Thanks God ! Tuhan memberi aku rejeki lebih ditengah hujan deras dan malam yang gelap! Ini berkat doaku pada awal aku menjalani ojol.

Esok malamnya ketika nggojek di Teluk Gong, motorku mogok.

Puji Tuhan! Teman ojol di sekitar situ mengantarku ke bengkel terdekat yang sudah hampir tutup.
Itulah kekuatan doa syukur dan setiakawan komunitas.

Hujan, panas, macet, Google maps ngawur, order fiktif, pelanggan yang ramah dan jutek (untung lebih banyak yang ramah), ngantuk dan capek, kesal orderan anyep (istilah ojol yang susah mendapat order).

Terkadang barang yang harus dikirim berat sekali.

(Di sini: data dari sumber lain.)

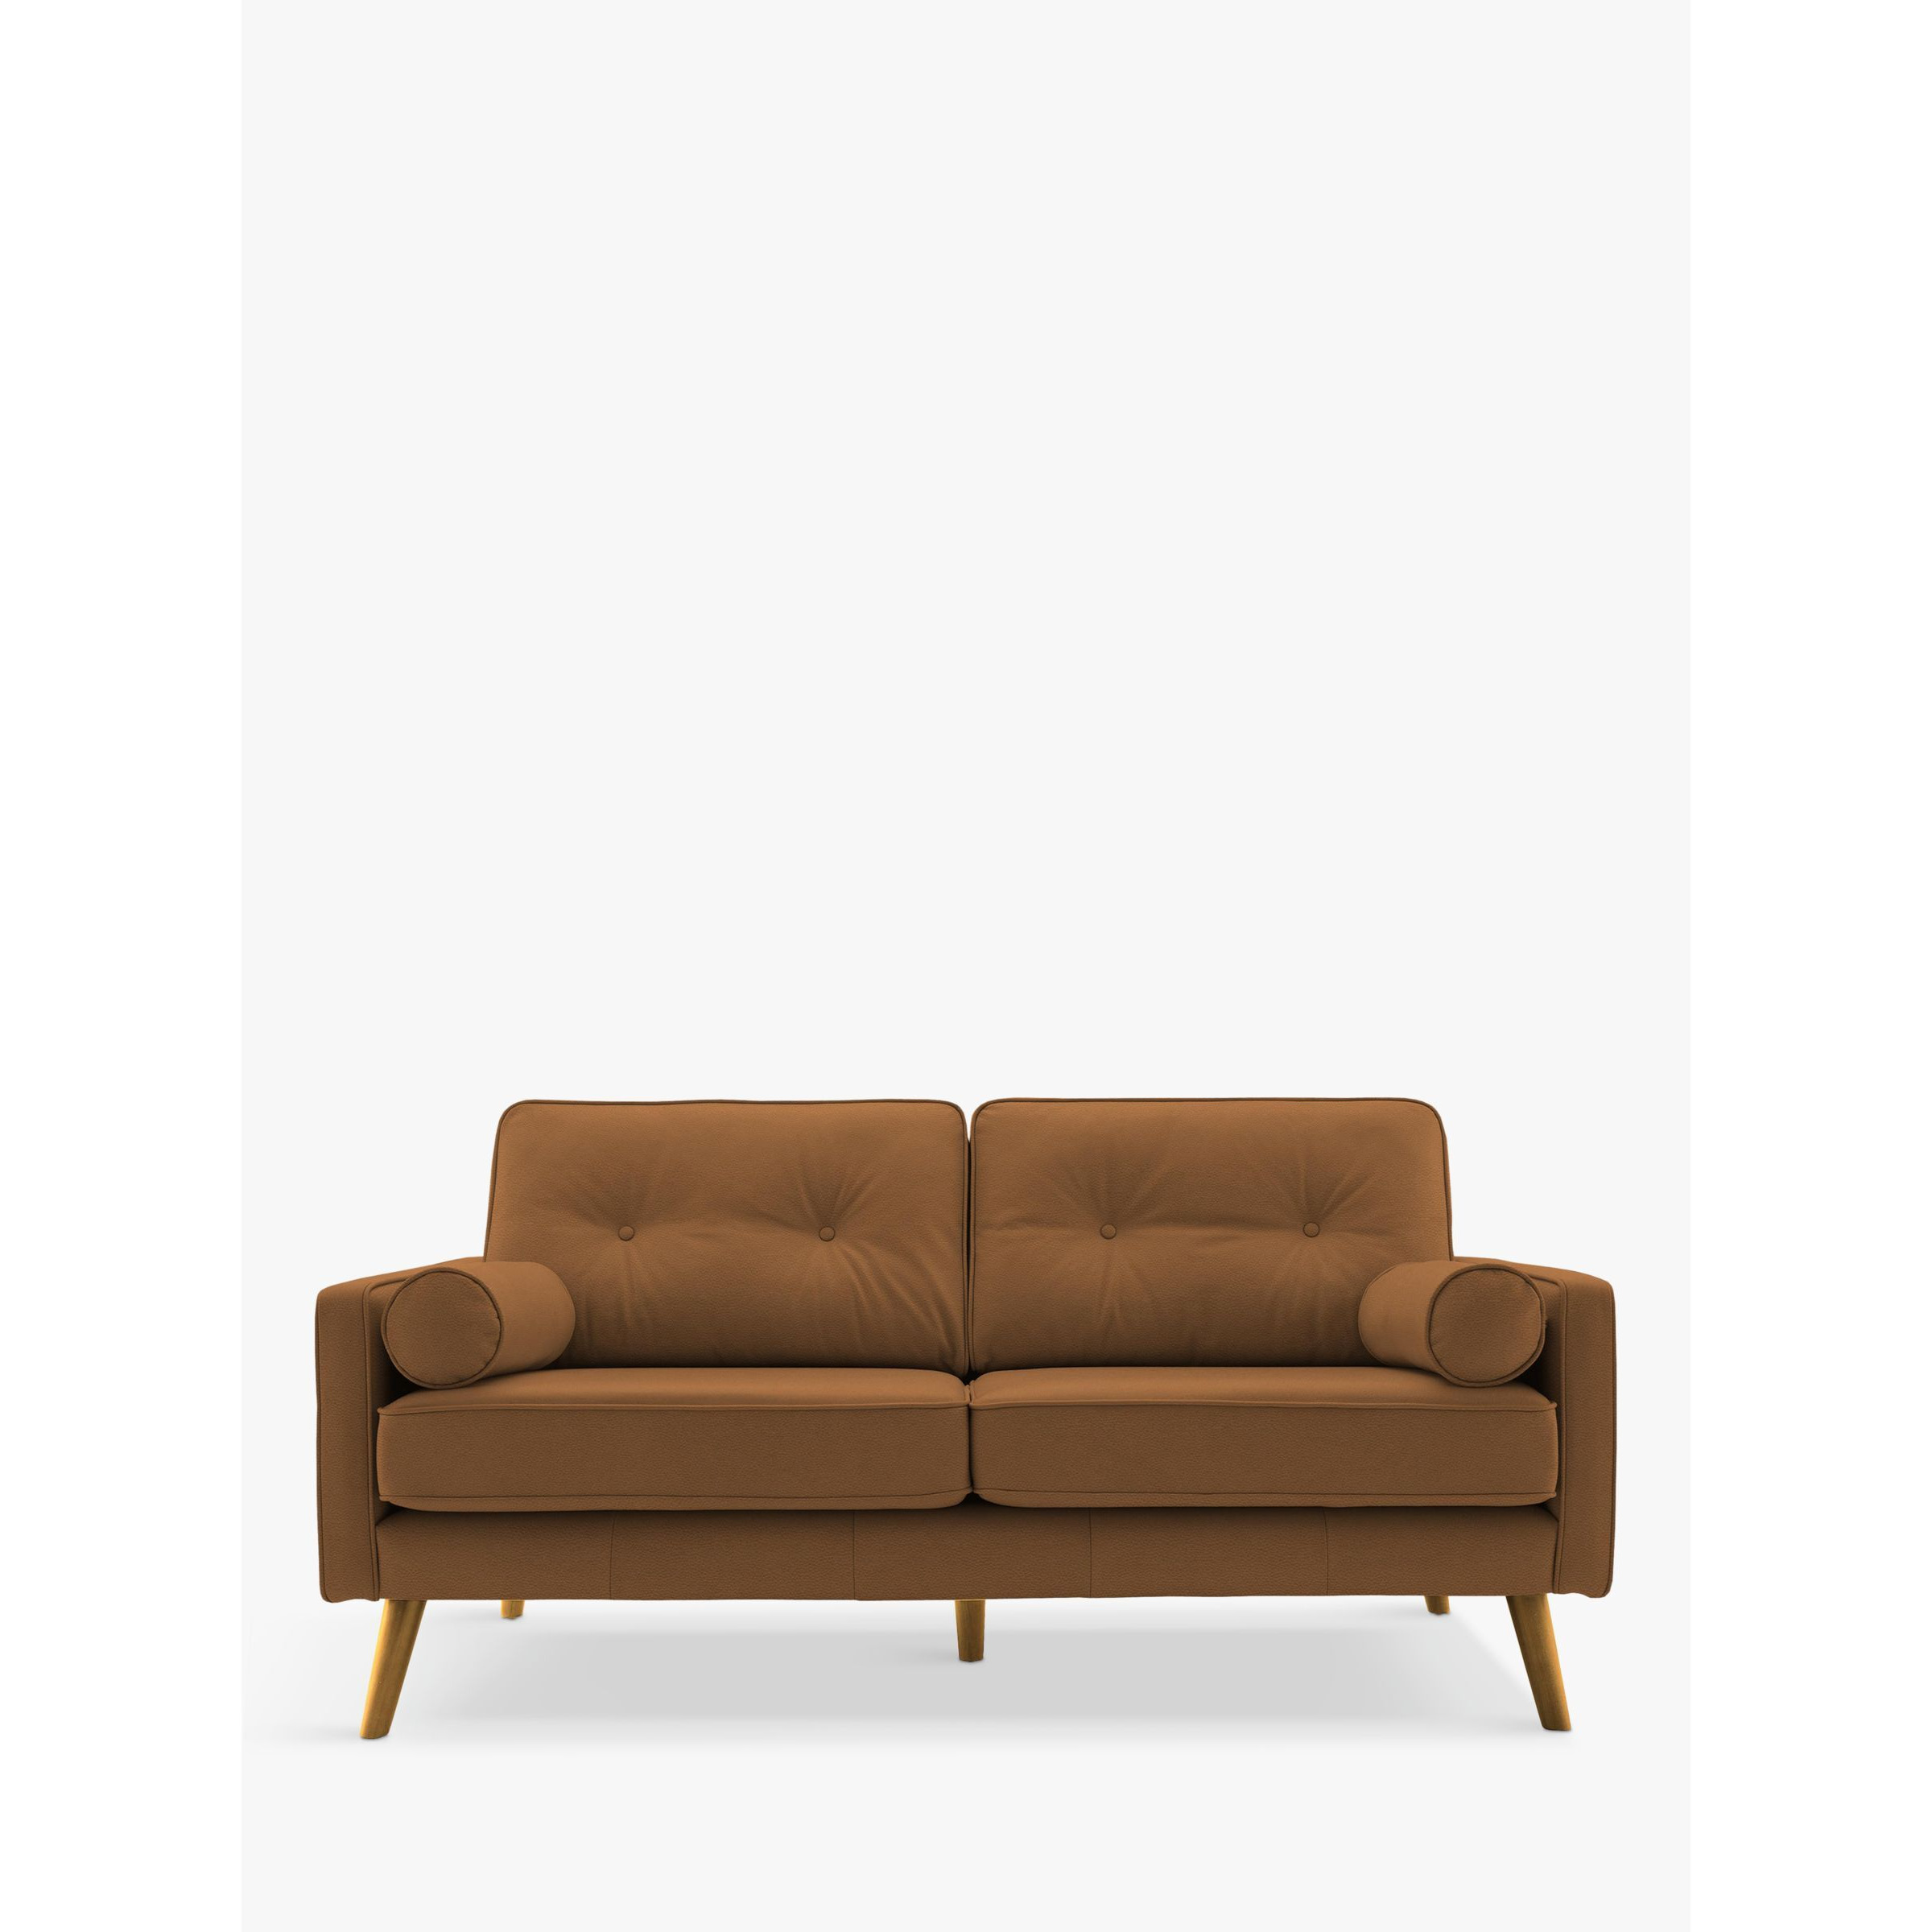 G Plan Vintage The Sixty Five Medium 2 Seater Leather Sofa - image 1

Belum lagi repotnya mengantar barang ke kantor dan apartemen. Parkir motorku dimana, aku harus menentengnya nun jauh di mata dari parkiran!

Kadang-kadang aku salah tower. Jadi harus rajin bertanya di jalanan! Beberapa waktu yang lalu, gara-gara maps salah, aku kesasar masuk TPU Karet Bivaks ! Oalaaa……! Hahaha…..!

Hanya Tuhanlah andalanku selama dalam perjalanan. Berdoa,menangis, tertawa, teriak, menyanyi sendiri kulakukan di atas soulmate-ku ini. Si Black Sweet Motor Beat hadiah dari teman-teman Stella Duce-ku.

Mereka menghadiahkan motor ini untuk aku mencari nafkah. Karena motor Jupiterku yang lama sering ngadat dan akhirnya turun mesin.  Thanks Sister Stece-ku!

Oh iya. Di setiap jalanan atau parkiran orang-orang selalu memanggilku Pak, Om, Mas, Bang, Engkoh….

Nggak tahu tuh, padahal aku kan manis ya? HahahaHa….

Beberapa hari yang lalu saat parkir di Indomaret di depan Permata Buana, tiba-tiba dari belakang ada yang memanggil aku, “Om!”

Setelah melihatku, “Ehhh, maaf , Bu!” Dia ngacir.

Kupanggil, “Mas, ada apa?”

Ternyata dia mau pinjam korek untuk merokok. Berkat korek apiku, dia bisa merokok. Hahaha!

Banyak kejadian yang seru dalam hidupku. Kunikmati dan kusyukuri semua prosesnya.

Kini aku juga mulai menyalurkan hobi lamaku, memotret dan menulis. Terima kasih, teman-teman MeRasul, karena aku boleh bergabung.

Tak lupa, aku ingin mengucapkan terima kasih untuk setiap orang yang telah banyak membantu keluargaku, dan membantuku menjadi tetap KUAT dan terus POSITIF.

Tuhan berkatilah mereka dan keluarganya. Amin.